**Your assignment:**
In the material below, print every line exactly and omit the pictures.

**Data excerpt:**
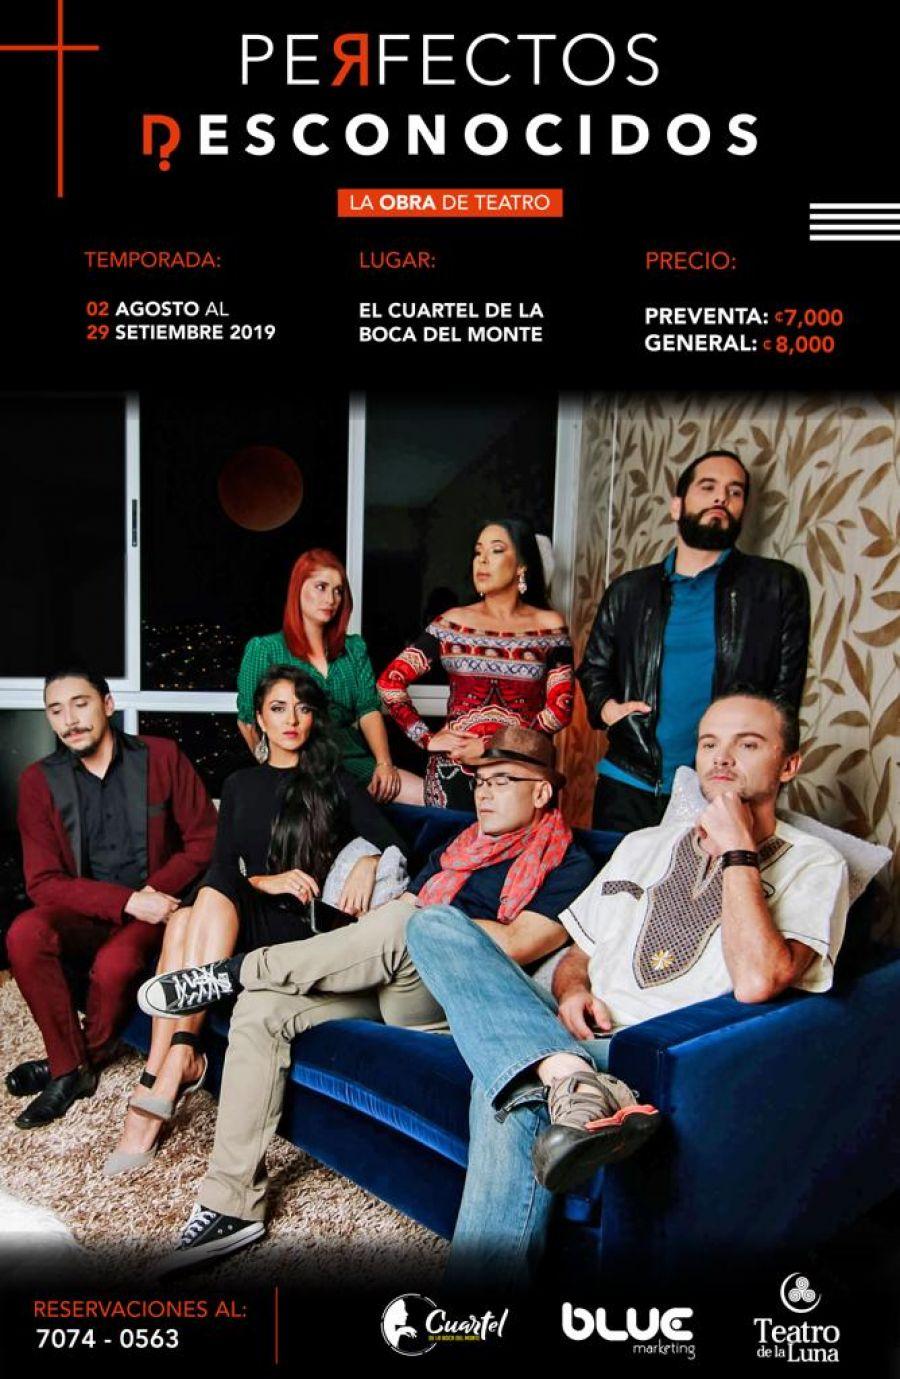 Perfectos desconocidos. La Luna Teatro. Drama
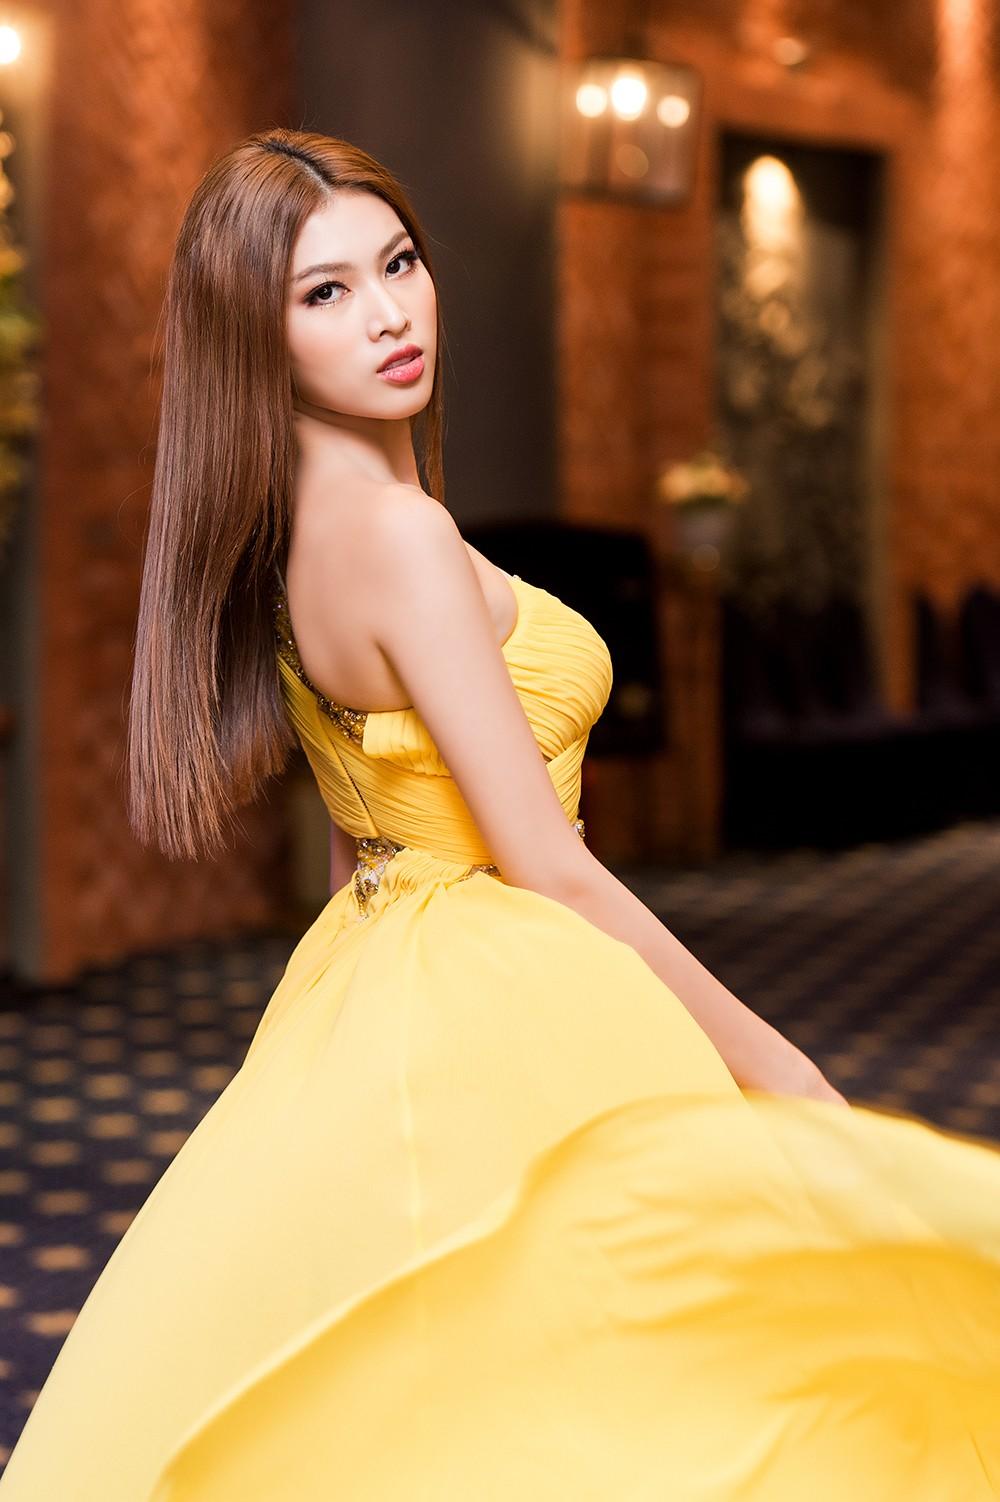 Á hậu Ngọc Thảo diện váy vàng rực khoe chân dài 1m11 cùng trình catwalk 'đỉnh cao' ảnh 6
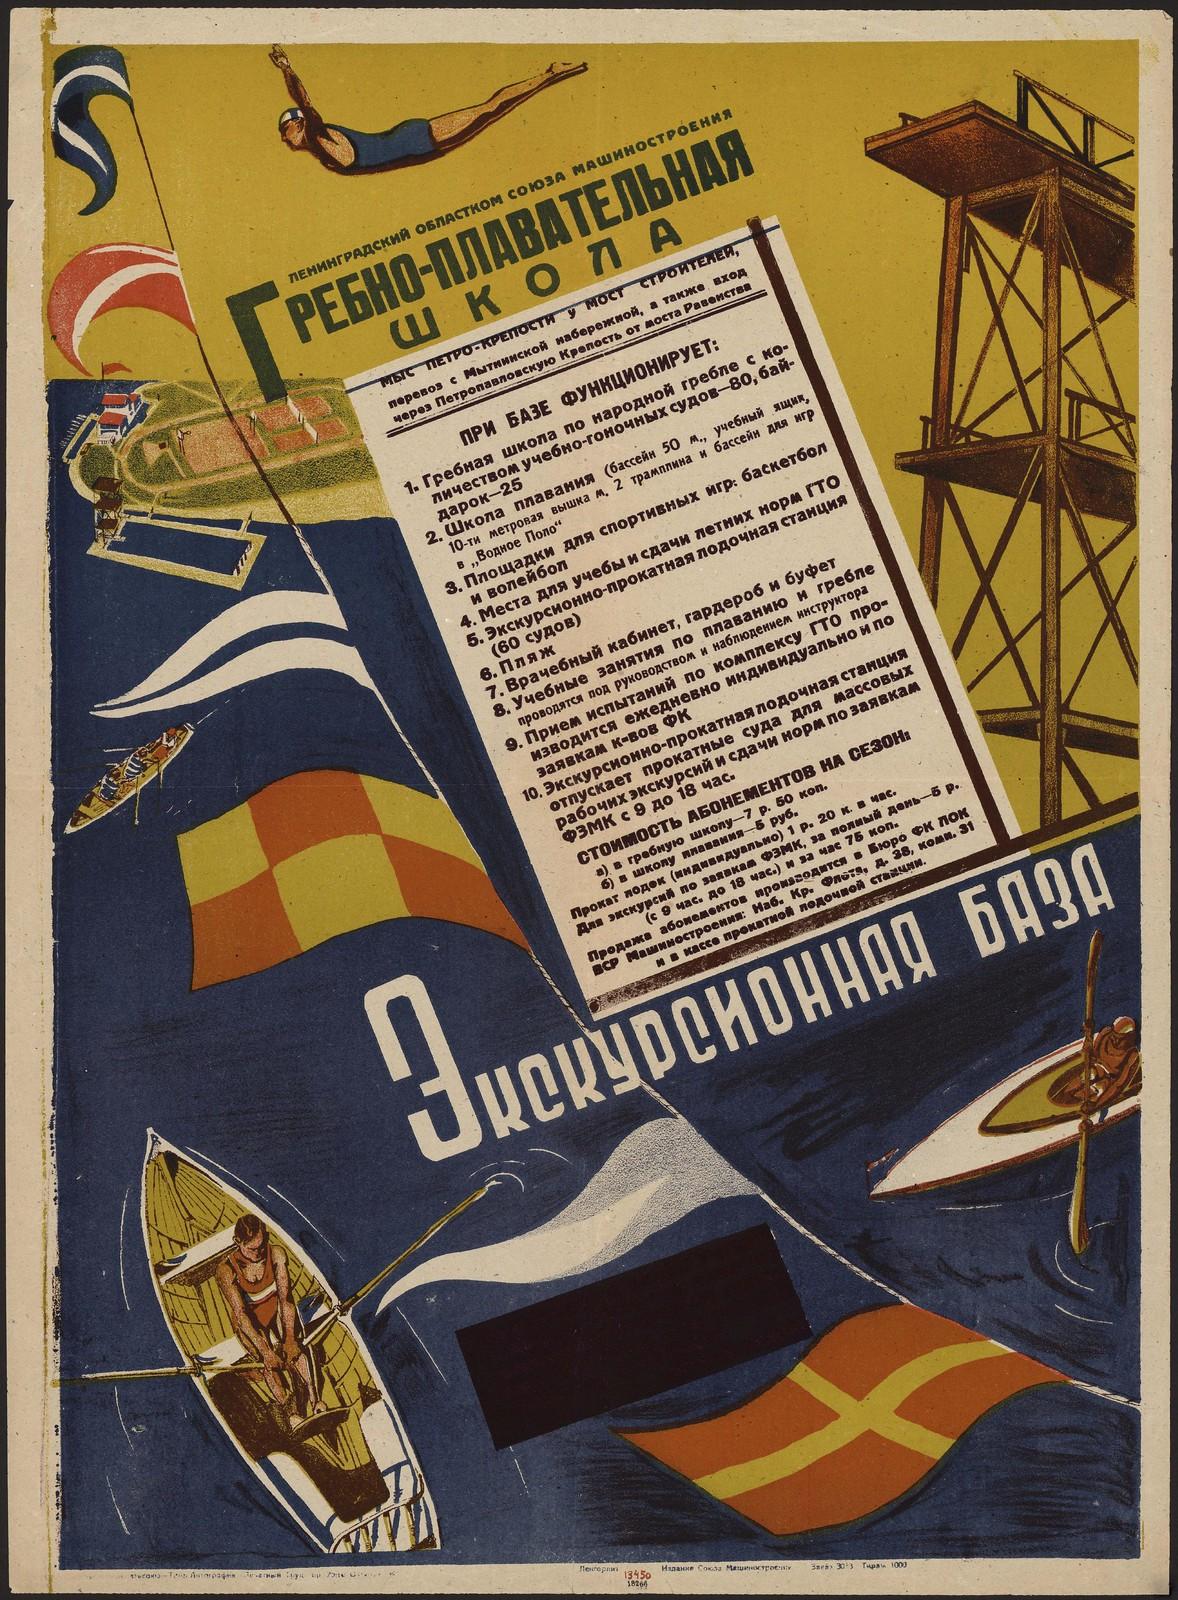 1934. Экскурсионная база. Гребно-плавательная школа.Ленингр. Областком Союза Машиностроения.
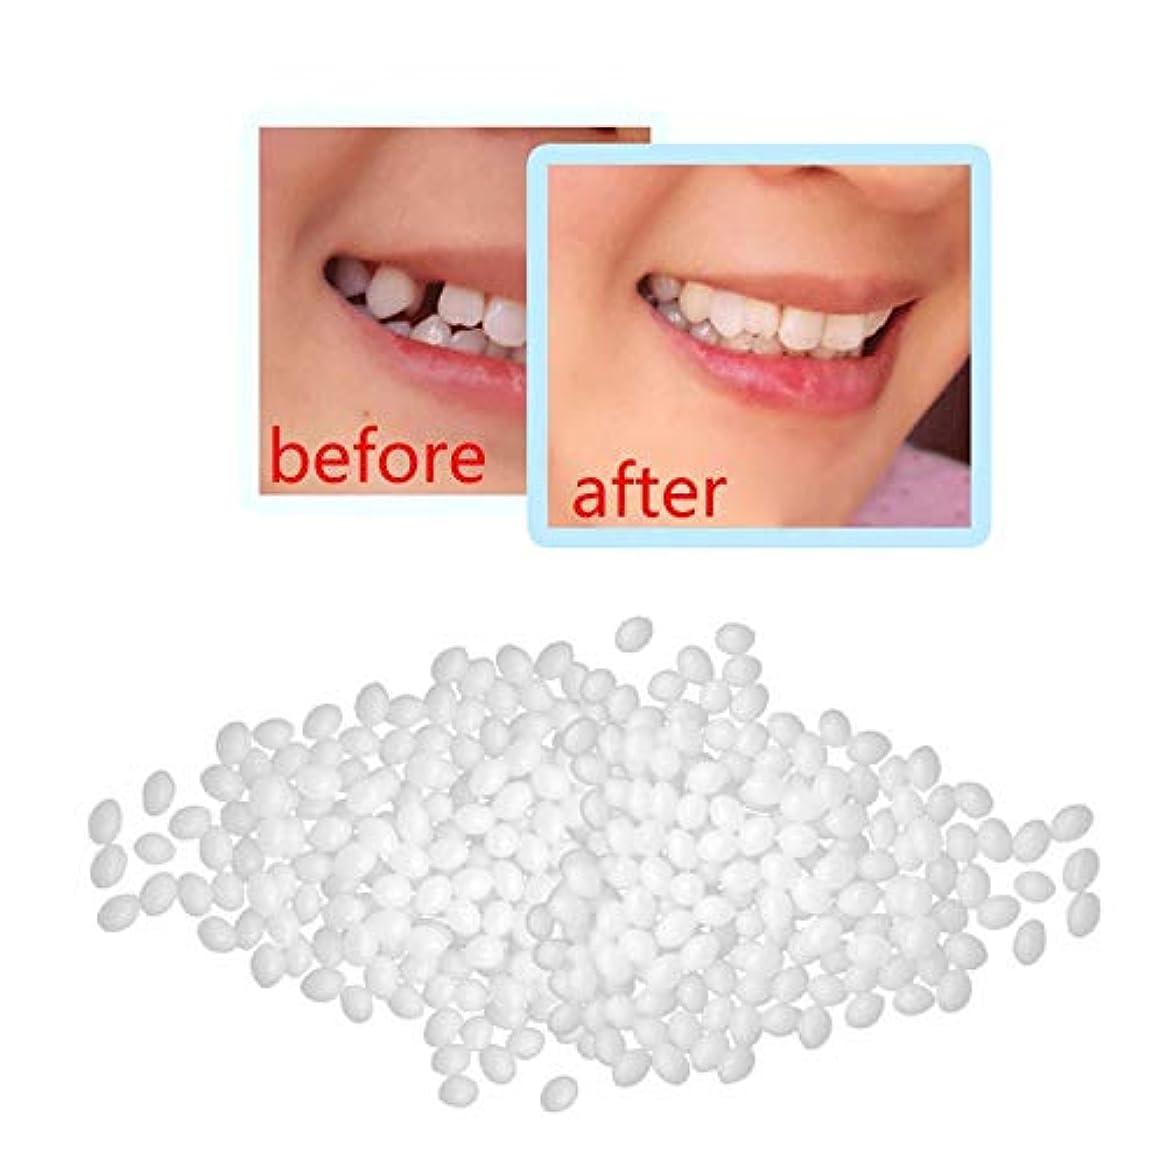 最近尋ねるマウスピース歯のベニヤ一時的な歯の修理キット樹脂偽歯の隙間固体接着剤義歯接着剤用コスプレ,White,10g

**Answer area:**
 Perfectos desconocidos. La Luna Teatro. Drama
 Á hậu Ngọc Thảo diện váy vàng rực khoe chân dài 1m11 cùng trình catwalk 'đỉnh cao' ảnh 6
 1934. Экскурсионная база. Гребно-плавательная школа.Ленингр. Областком Союза Машиностроения.
 最近尋ねるマウスピース歯のベニヤ一時的な歯の修理キット樹脂偽歯の隙間固体接着剤義歯接着剤用コスプレ,White,10g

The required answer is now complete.